Plasmidsaurus fasta standardizer

I really like plasmidsaurus, and it’s an integral part of our molecular cloning pipeline. That said, I’ve found analyzing the resulting consensus fasta file to be somewhat cumbersome, since where they inevitable start their sequence string in the fasta file is rather arbitrary (which, I don’t blame them for at all, since these are circular plasmids with no particular starting nucleotide, and every plasmid they’re getting is unique), and obviously doesn’t match where my sequence starts on my plasmid map in Benchling.

For the longest time (the past year?) I dealt with each file / analysis individually, where I would either 1) reindex my plasmid map on Benchling to match up with how the Plasmidsaurus fasta file is aligning, or 2) Manually copy-pasting sequence in the Plasmidsaurus fasta file, after seeing hwo things match up after aligning.

Anyway, I got tired of doing this, so I wrote a Python script that standardizes things. This will still require some up-front work in 1) Running the script on each plasmidsaurus file, and 2) Making sure all of our plasmid maps in Benchling start at the “right” location, but I still think it will be easier than what I’ve been doing.

1) Reordering the plasmid map.

I wrote the script so that it reordering the Plasmidsaurus fasta file based on the junction between the stop codon of the AmpR gene, and the sequence directly after it. Thus, you’ll have to reindex your Benchling plasmid map so it exhibits that same break at that junction point. Thus, if your plasmid has AmpR in the forward direction, it should look like so on the 5′ end of your sequence:

And like this on the 3′ end of your sequence:

While if AmpR is in the reverse direction, it should look like this on the 5′ end of your sequence:

And like this on the 3′ end of your map:

Easy ‘nuf.

2) Running the Python script on Plasmidsauru fasta file.

The python script can be found at this GitHub link:

If you’re in my lab (and have access to the lab Google Drive), you don’t have to go to the GitHub repo. Instead, it will already be in the “[…additional_text_here…]/_MatreyekLab/Data/Plasmidsaurus” directory.

Open up Terminal, and go to that directory. Then type in “python3”. Before hitting return to run, you’ll have to tell it which file to perform this on. Because of the highly nested structure of how the actual data is stored, it will probably be easier just to navigate to the relevant folder in Finder, and then drag the intended file into the Terminal window. The absolute path of where the file sits in your directory will be copied, so the command will now look something like “python3 /[…additional_text_here…]/_MatreyekLab/Data/Plasmidsaurus/PSRS033/Matreyek_f6f_results/Matreyek_f6f_5_G1131C.fasta”

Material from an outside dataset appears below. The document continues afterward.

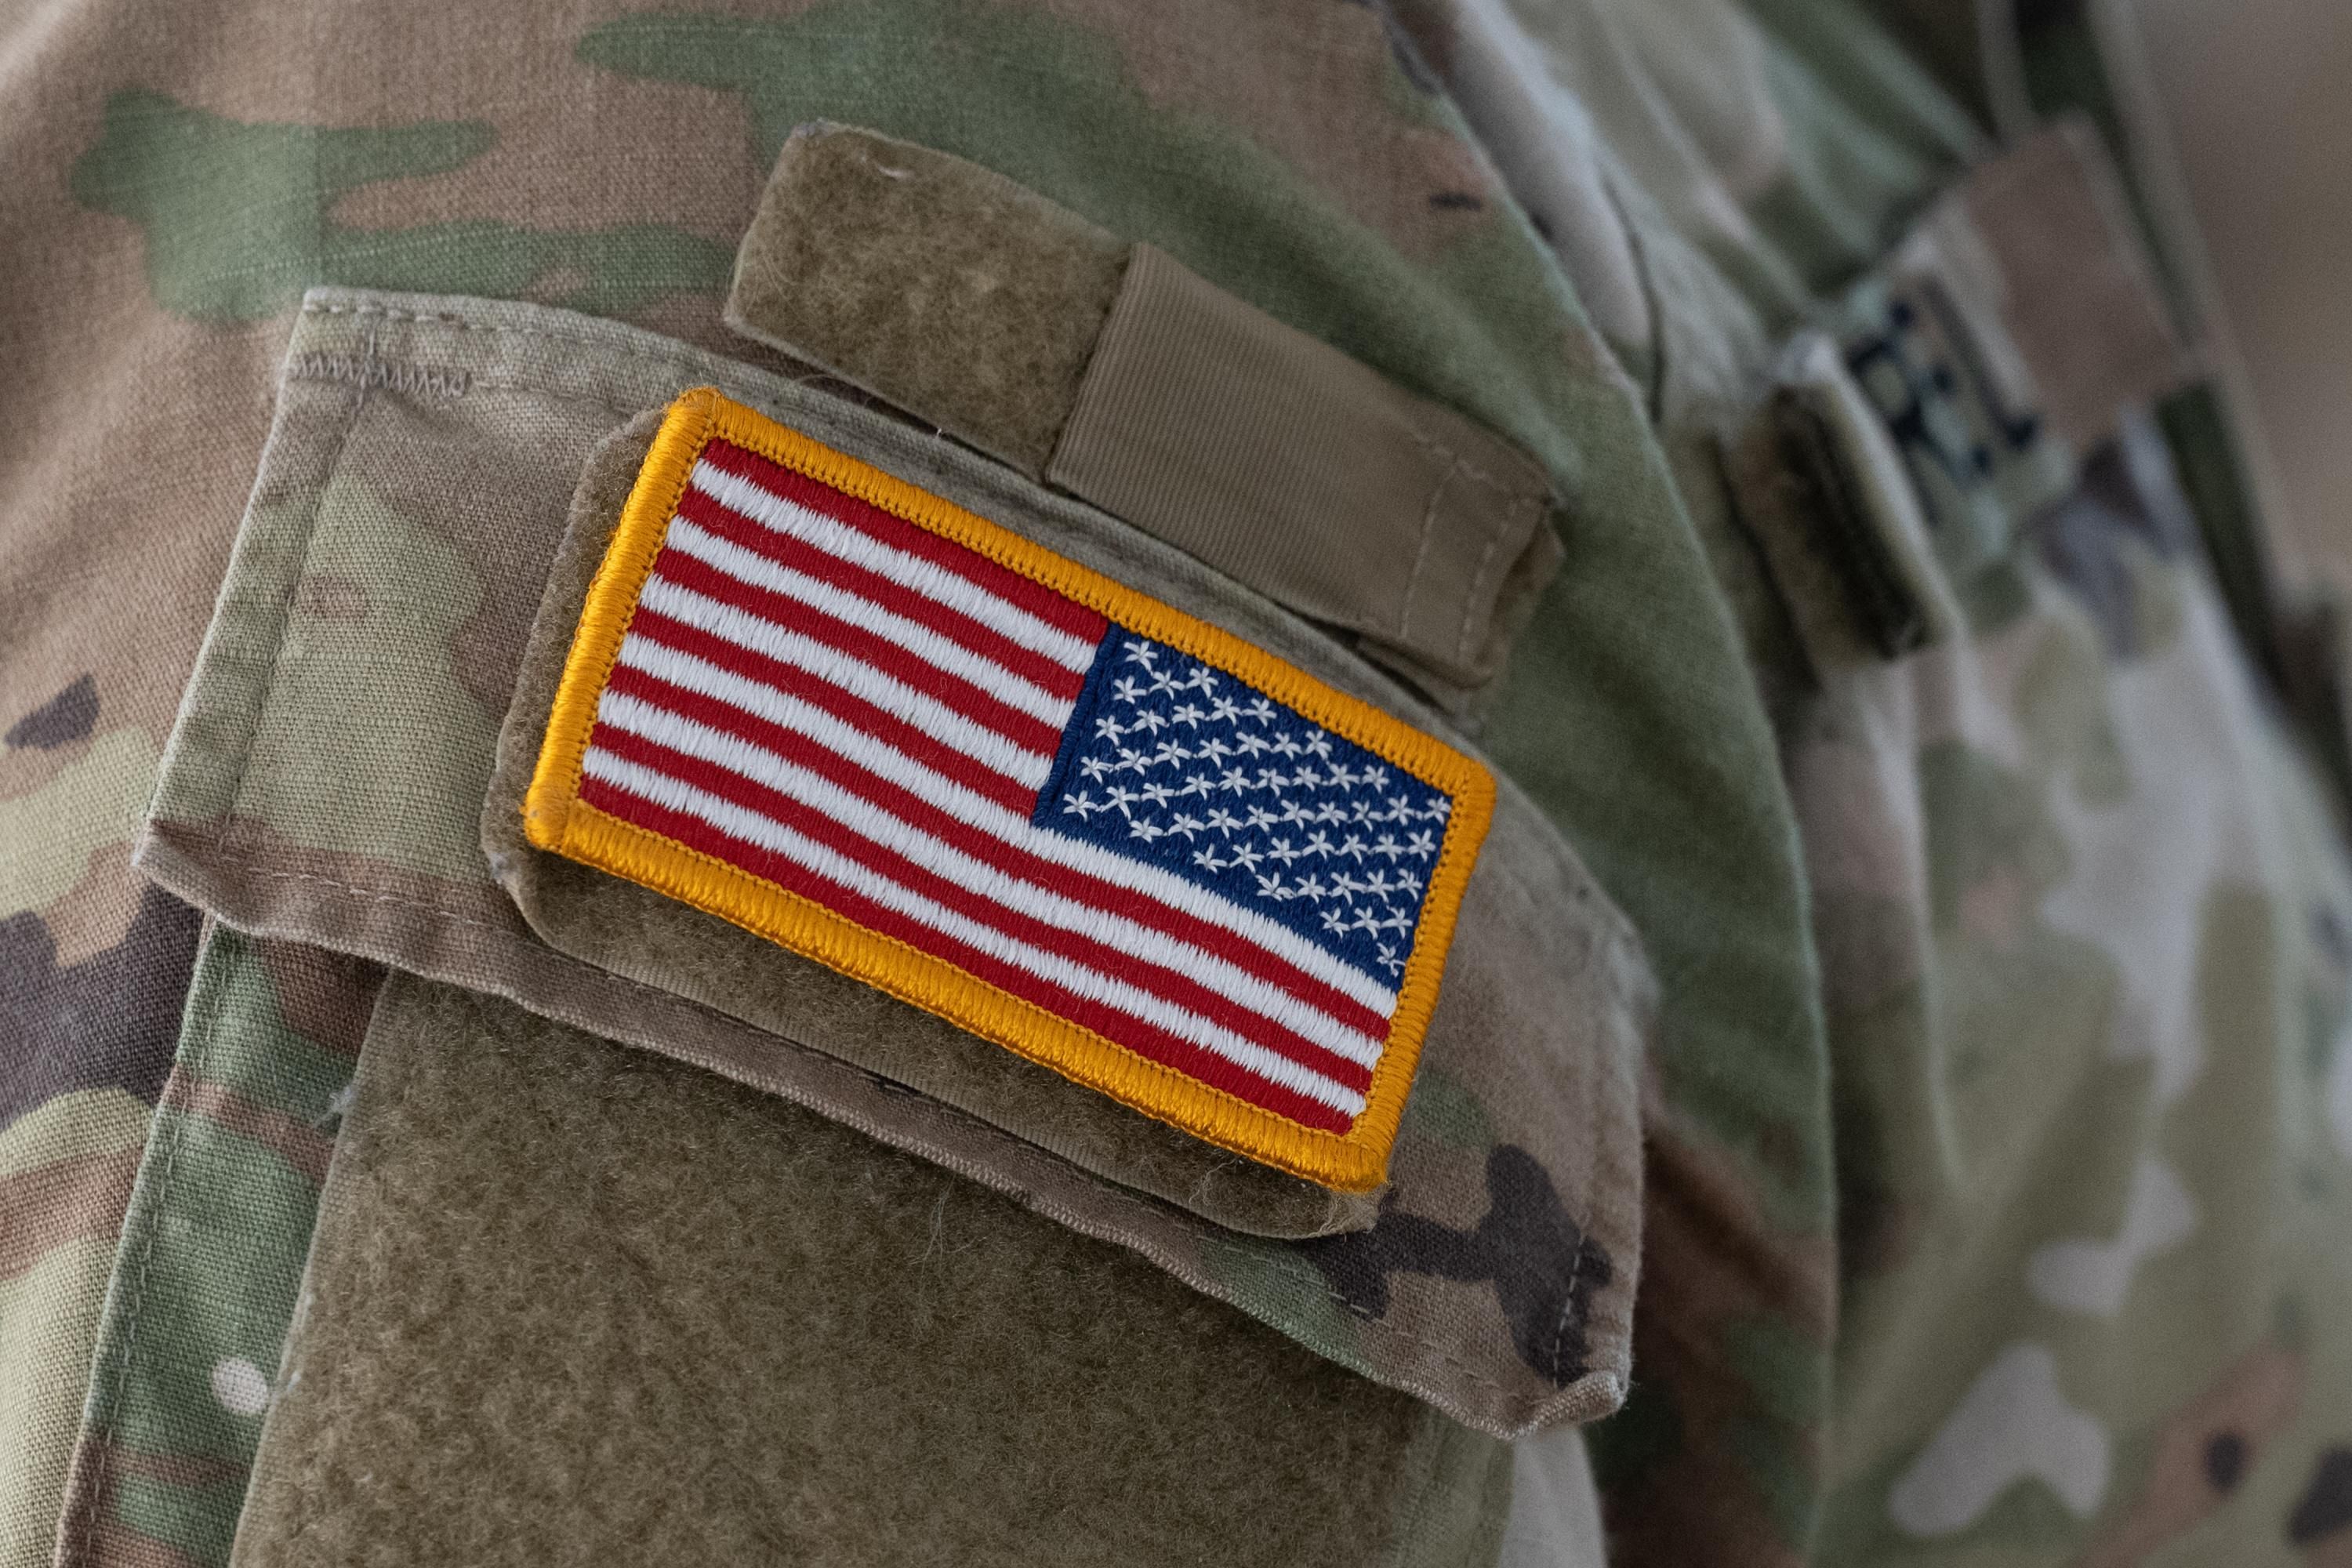 US_war_flag_GettyImages

It will make a new fasta file suffixed with “_reordered” (such as “Matreyek_f6f_1_G1118A_reordered.fasta”), which you can now easily use for alignment in Benchling.

Note: Currently, the script only works for ampicillin resistant plasmids, since that’s somewhere between 95 to 99% of all of the plasmids that we use in the lab. That said, plasmidsaurus sequencing of the rare KanR plasmid won’t work with this method. Perhaps one day I’ll update the script for also working with KanR plasmids (ie. the first time I need to run plasmidsaurus data analysis on a KanR plasmid, haha).